The four-hour AE waiting time target should be downgraded as it is distorting priorities, experts say.
The call by the Nuffield Trust comes as one of the most difficult winters for years is coming to an end with all four parts of the UK missing the target.
The think tank said the “fixation” meant other bottlenecks, such as ambulance delays and waits for beds, were not getting enough attention.
It said using a range of measures would give a more “balanced” picture.
The Nuffield Trust suggested long waits for beds – known as trolley waits – ambulance delays, the numbers leaving AE without being seen and patient satisfaction surveys could also be used to assess performance.
It said waiting times for treatments would still be measured as part of this more comprehensive monitoring regime.

The four-hour target explained

Hospitals in England are expected to see 95% of AE patients in four hours – similar targets exist elsewhere in the UK.
The four hours measures the point from arrival to when a patient is either discharged, transferred or admitted into the hospital for further treatment.
The target was introduced in 2004 and set at 98%. It was relaxed to 95% in 2010.
Latest figures show just 92% of patients are being seen in that time in England.
It is also being missed in Wales, Northern Ireland and Scotland.

The think tank, which has produced a briefing document on the pressures facing the system, said hospital managers were spending too much time and effort trying to meet a target, which for many hospitals was proving very difficult.

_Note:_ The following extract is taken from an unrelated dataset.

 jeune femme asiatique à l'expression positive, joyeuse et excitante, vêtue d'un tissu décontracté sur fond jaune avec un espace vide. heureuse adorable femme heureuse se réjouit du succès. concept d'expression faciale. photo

Overall, the target has not been hit on a weekly basis since September, but once the minor units, such as walk-in centres and minor injuries are stripped out, the major units – known as type ones – have not achieved the target since July 2013.
Nuffield Trust chief executive Nigel Edwards said: “The four-hour target has come to loom over every other measure of how well patients with urgent needs are being cared for.

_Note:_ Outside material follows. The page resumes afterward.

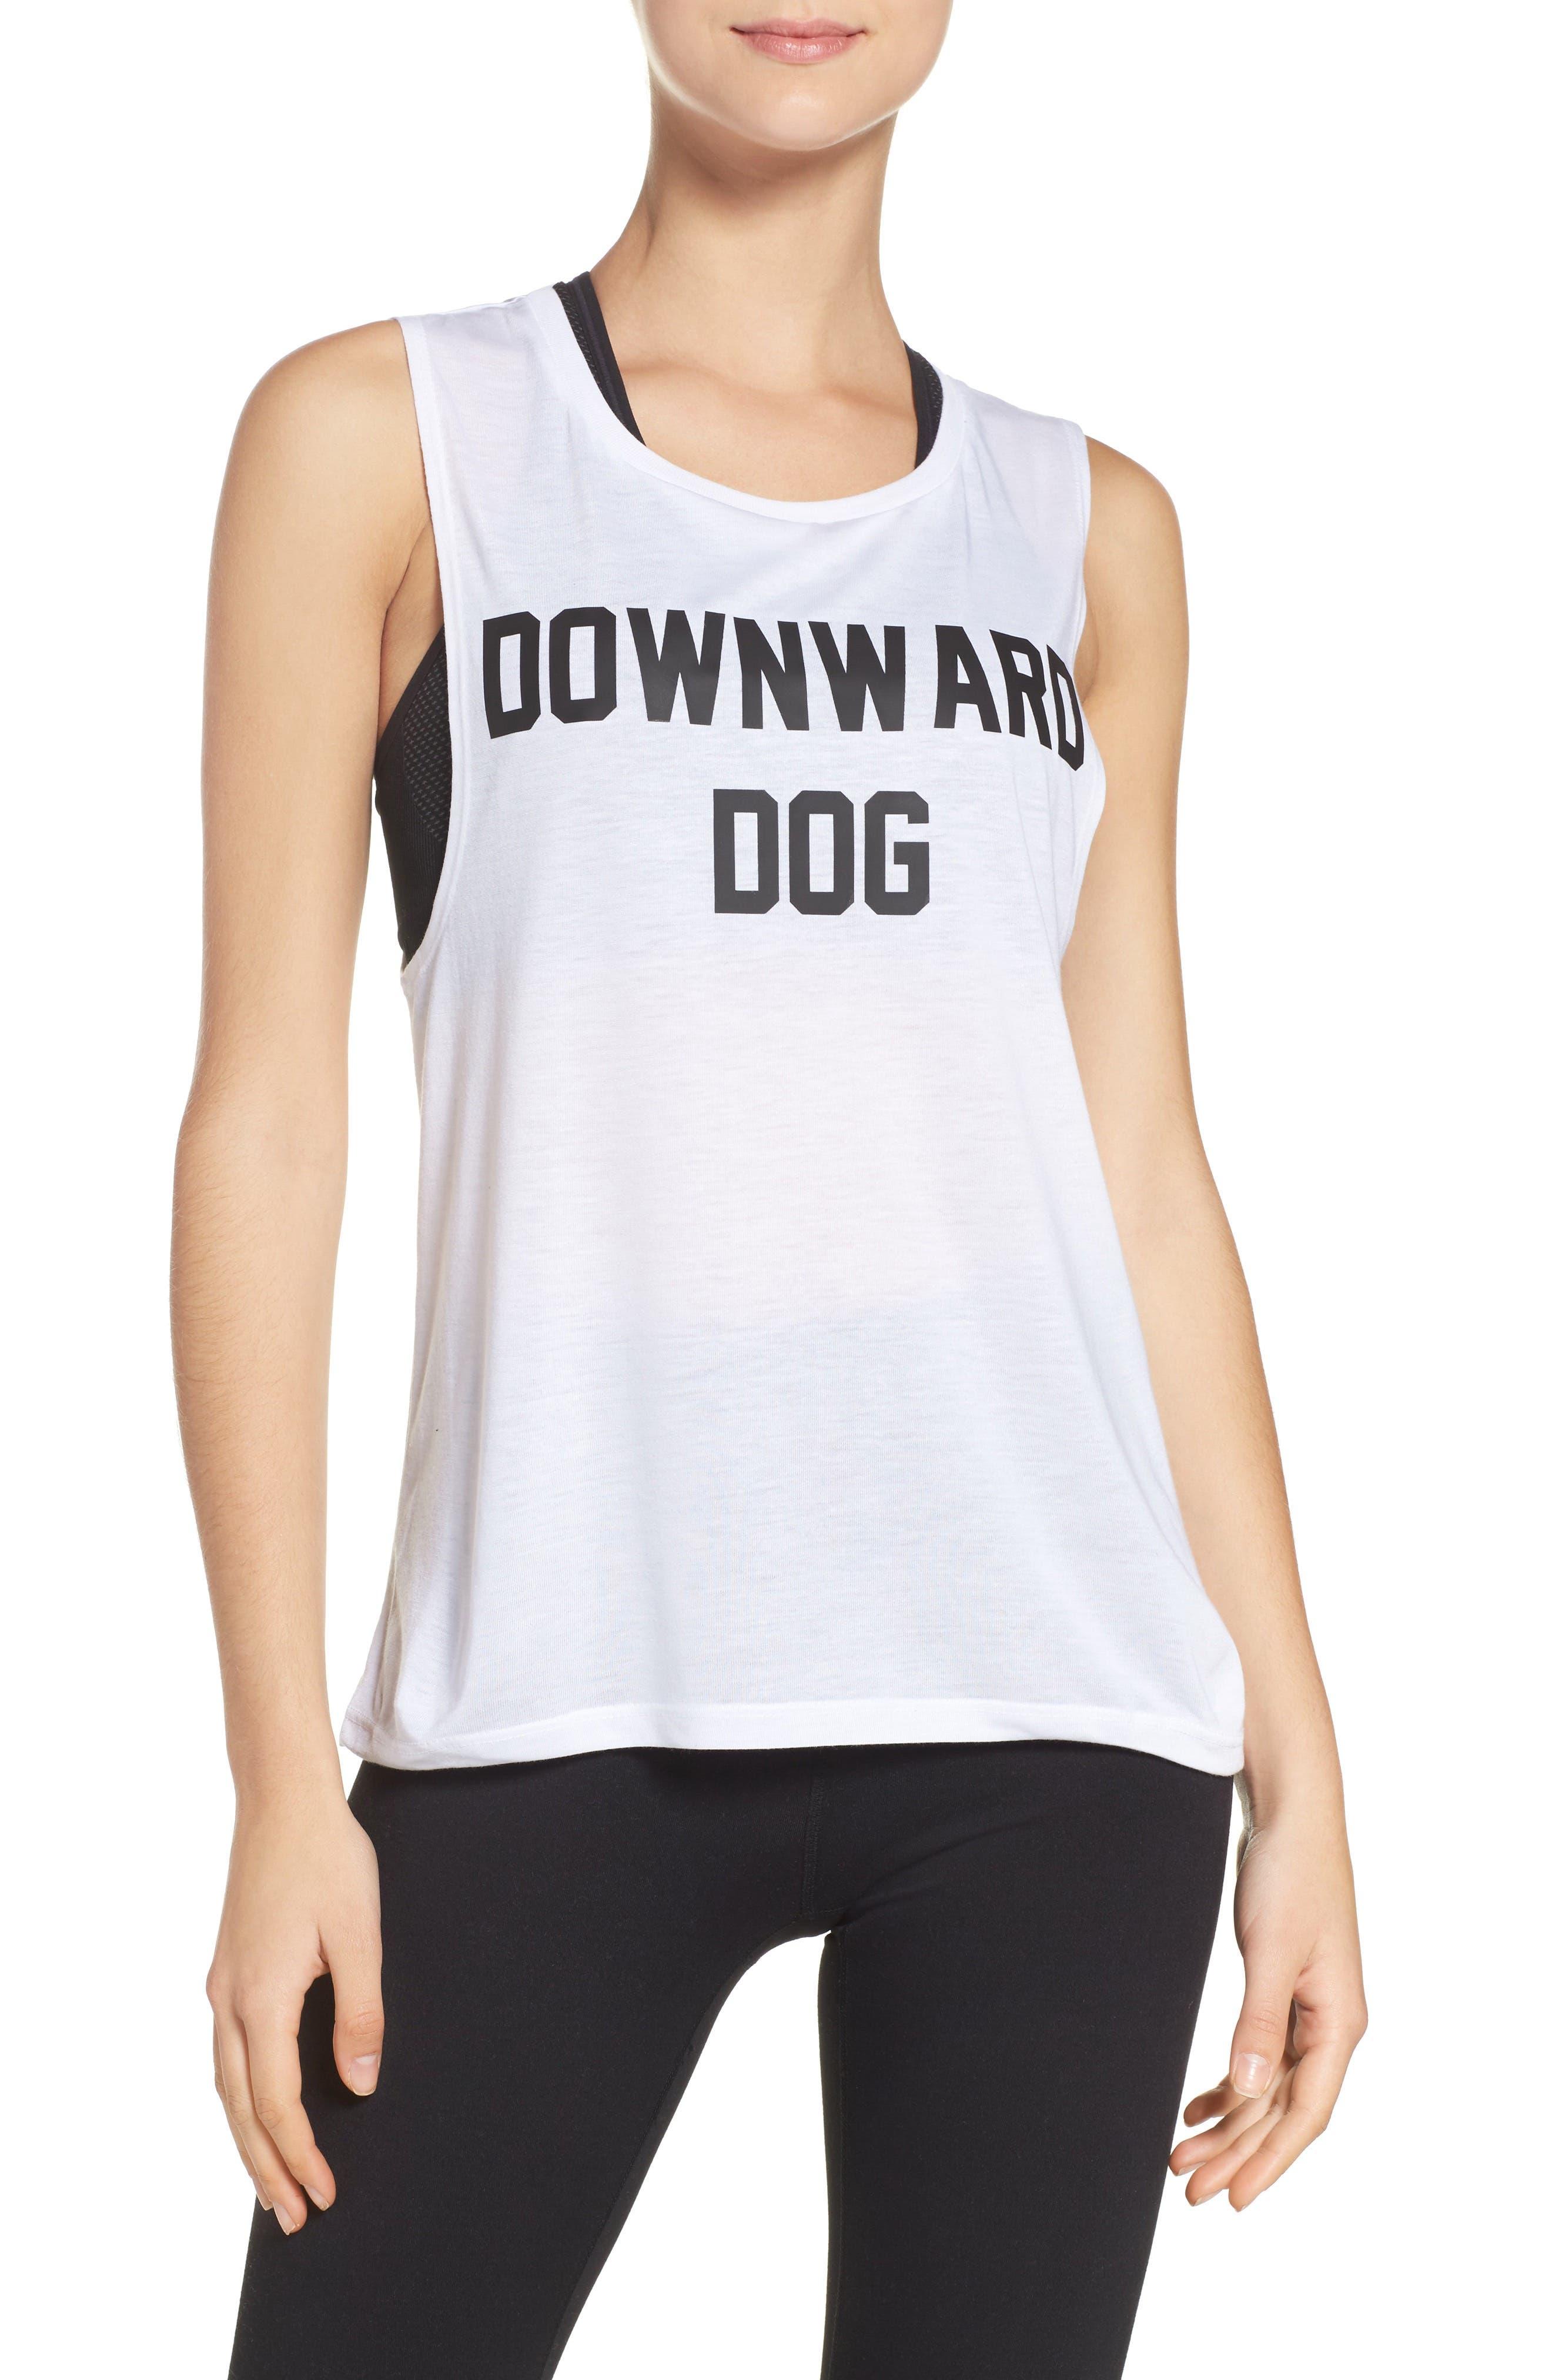 Downward Dog Tank,                             Main thumbnail 1, color,

“Nobody denies that it really matters to people. But there are a lot of other things that matter in emergency healthcare.
“Politicians and regulators need to stop micro-managing this target and should instead examine how to put the four-hour target on an equal footing with other critical indicators.”
The Royal College of Emergency Medicine said it was “broadly supportive” of the suggestions.
“The four-hour standard has reduced the amount of time patients spend in the emergency department, though it is clearly only one measure among many which should be used to measure the performance of departments,” a spokesman added.